Tatiana Matveeva

Personal information
- Born: 26 February 1985 (age 41)

Medal record
Women's Weightlifting
Representing Russia
World Weightlifting Championships
| Silver medal – second place | 2006 Santo Domingo | – 69 kg |
| Bronze medal – third place | 2011 Paris | – 69 kg |
European Weightlifting Championships
| Silver medal – second place | 2004 Kiev | – 69 kg |
| Silver medal – second place | 2007 Strasbourg | – 75 kg |
| Silver medal – second place | 2008 Lignano Sabbiadoro | – 69 kg |
| Silver medal – second place | 2011 Kazan | – 69 kg |

= Tatiana Matveeva (weightlifter) =

Russian weightlifter (born 1985)

Tatiana Weiss (born 26 February 1985) is a Russian weightlifter.

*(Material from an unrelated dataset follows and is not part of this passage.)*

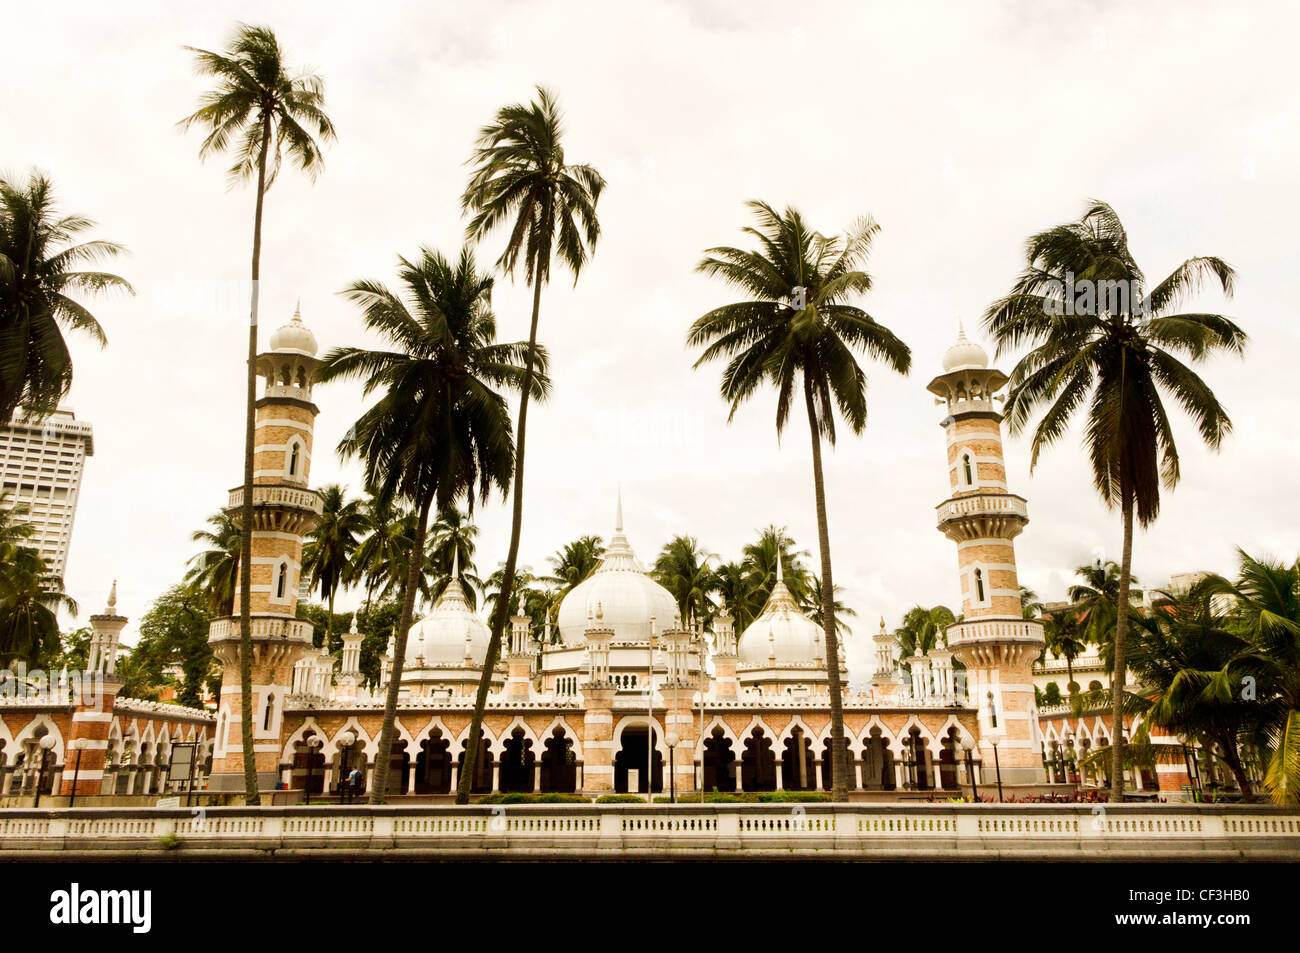 Masjid Jamek, in Kuala Lumpur, Malaysia, Asia. It is one of the oldest mosques in Kuala Lumpur, Malaysia. Stock Photo

Matveeva participated in the women's -69 kg class at the 2006 World Weightlifting Championships and won the silver medal, finishing behind Oxana Slivenko. She snatched 110 kg and clean and jerked an additional 135 kg for a total of 245 kg, 18 kg behind winner Slivenko.

At the 2008 European Weightlifting Championships she won the silver medal in the 69 kg category.